Muy claros y prácticos tus ejemplos...gracias por tomarte tiempo para responderme !


----------



## tuimg (Ene 24, 2009)

Hola, me han quedado algunas dudas con respecto a este tema, aqui las planteo para que ojala me las puedan resolver, iba a abrir un nuevo hilo pero afortunadamente me tope con este.
si los amplificador usan voltaje negativo, como es que el tda2003 usa solamente +vcc y masa, como logra generar los semiciclos negativos?
esto quiere decir que en el conductor comun (masa) la corriente fluye en ambos sentidos?
se puede usar una fuente que entregue +12 y -12v como una fuente de 24v?


----------



## JonnathanEstrada (Sep 8, 2012)

un poco tarde a mi respuesta, pero vale mas tarde que nunk! 

todo tiene que ver con el tipo de amplificador que el TDA usa en su salida si revisas la hoja de datos, internamente el amplificador que utiliza un amplificador clase AB cuasicomplementario este permite polarizar la salida en directa o mejor dicho con una sola fuente. 

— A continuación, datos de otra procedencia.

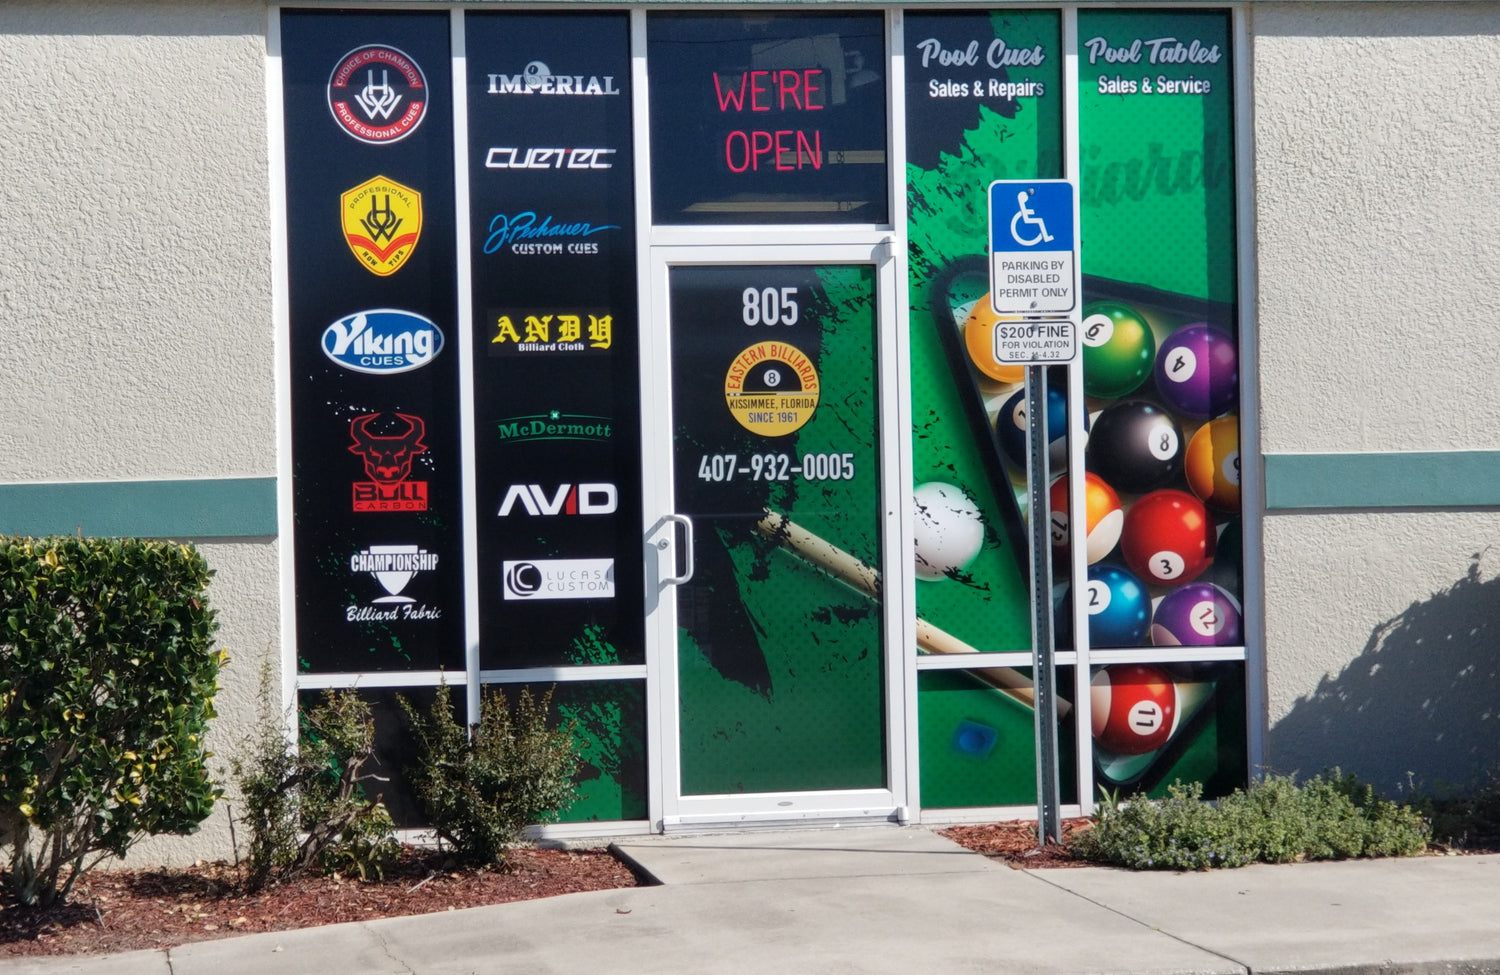 Eastern Billiards Storefront in Kissimmee Florida

Los amplificadores de clase AB simetria complementaria pueden conectarse tanto a voltaje positivo como negativo, o ambos todo depende de el diseño que se desee, la mayoría de fabricantes usan el amplificador clase AB porque es mas sencillo miniaturizarlos, al contrario del clase A o clase D u otras clases de amplificadores que necesitan de inductores que incrementan el tamaño del amplificador y su temperatura de operación


----------